Là, Henri Coton-Alvart animait des rencontres où la teneur de ses exposés devint rapidement si métaphysique et ardue que la comtesse Prozor put écrire en 1927à Rose Celli, compagne du peintre Elmiro Celli (elle publia en 1930 un roman à clef, Comme l'eau, qui raconte un épisode de la vie d'Henri Coton-Alvart) : " Alvart voulait venir faire un cours, mais j'ai compris que ce nouvel enseignement serait une fatigue bien au-dessus de mes forces car l'occultisme alchimiste d'Alvart demande beaucoup d'explication pour être assimilé par de simples mortels. » Et encore : " ...sa science est merveilleuse et plus profonde que par le passé. » Toujours cette même année, la comtesse Prozor écrit de nouveau à Rose Celli qu'elle a noté une nouvelle lumière chez Henri Coton-Alvart " qui doit le conduire à réaliser une œuvre spirituelle, un œuf couvé pendant 18 mois." Elle ne se trompait guère.

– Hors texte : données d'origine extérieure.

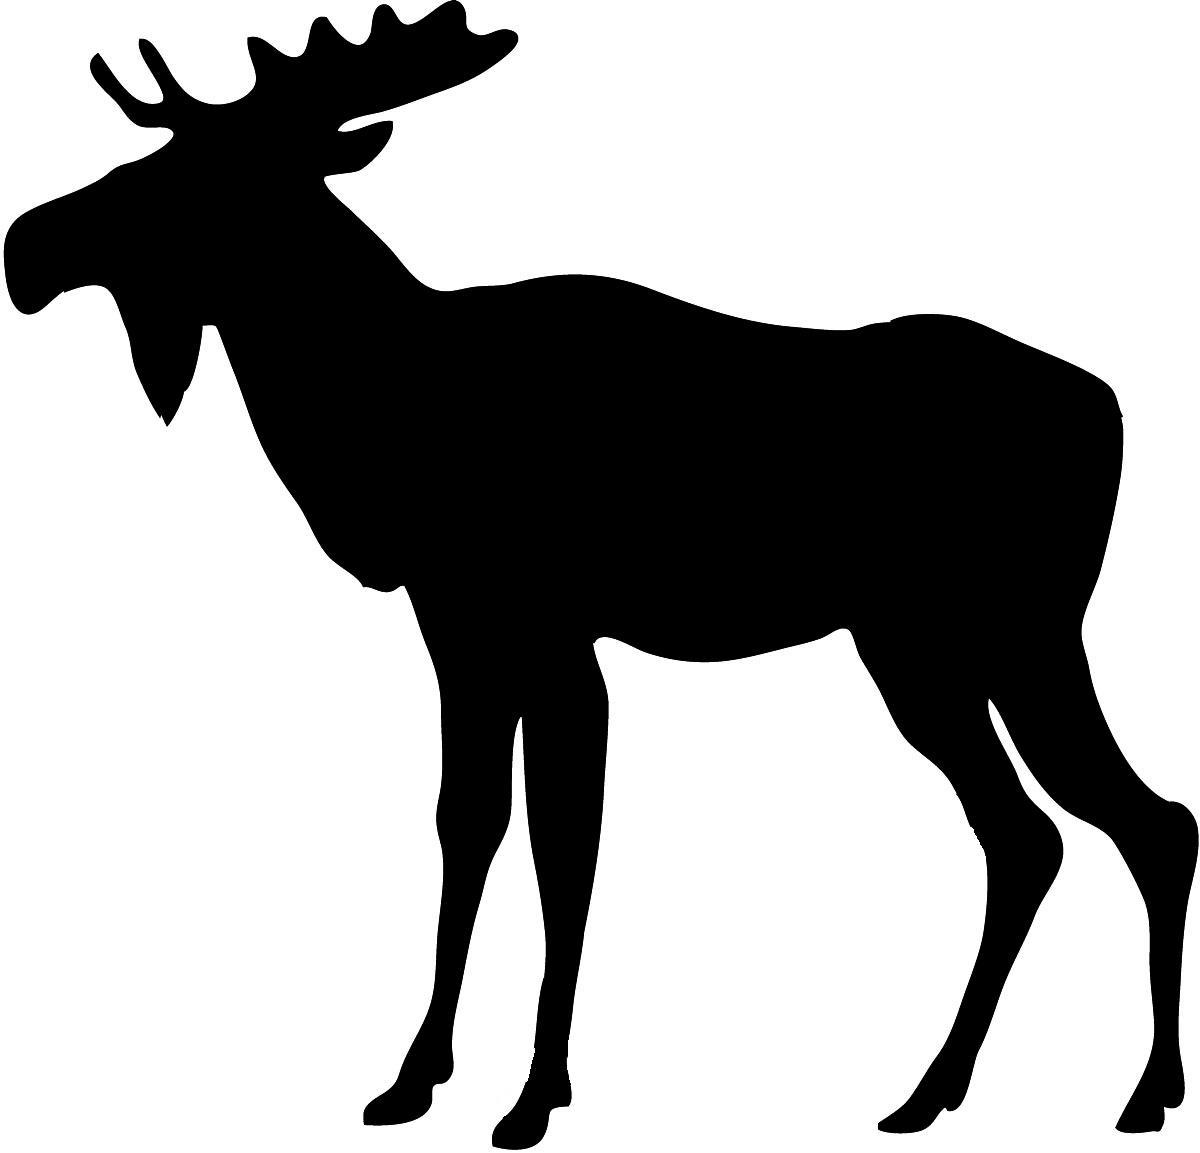 Elk Silhouette Clip Art

Les Prozor connaissaient très bien Milosz ; leur fille Greta monta en 1927 sa pièce Don Miguel de Manara.Outre ses connaissances en Alchimie, Henri Coton-Alvart se révéla un grand maître de l'astrologie dont il précisa les rapports avec l'Alchimie. Il fit partie de la Société Astrologique de France, qui eut parmi ses membres, le Dr. Allendy (sa thèse de médecine portait le titre Médecine et Alchimie), l'astrologue Antarès, le Colonel Maillaud, A. Volguine, G.-L. Brahy, ainsi que le Dr. Emerit, ami intime d'Henri Coton qui écrivit de nombreux livres sur le sujet et partagea avec lui son intérêt pour la science hermétique. Beaucoup d'astrologues réputés, comme José Gifreda, André Barbault, Michel de Socoa et d'autres citent souvent Henri Coton-Alvart dans leurs ouvrages.

On voit combien il a marqué son époque.Il existe un bon nombre d'articles signés Henri Coton-Alvart ou xxx : notamment dans le Bulletin de la Société Astrologique de France ; parmi eux, notons La doctrine des crises et des jours critiques et un remarquable exposé où se " trouve envisagée une théorie sur l'origine cosmique de la matière terrestre inorganique et évoquée la même origine pour la matière vivante », et ce en 1935 !
Henri Coton-Alvart n'a jamais publié d'ouvrage de son vivant, mais il a laissé quelques articles et des écrits personnels, dont certains sous le titre que portait son étude préférée : "Les deux Lumières". La préface en a été confiée à Henri La Croix-Haute qui, plus encore que son disciple, fut son ami.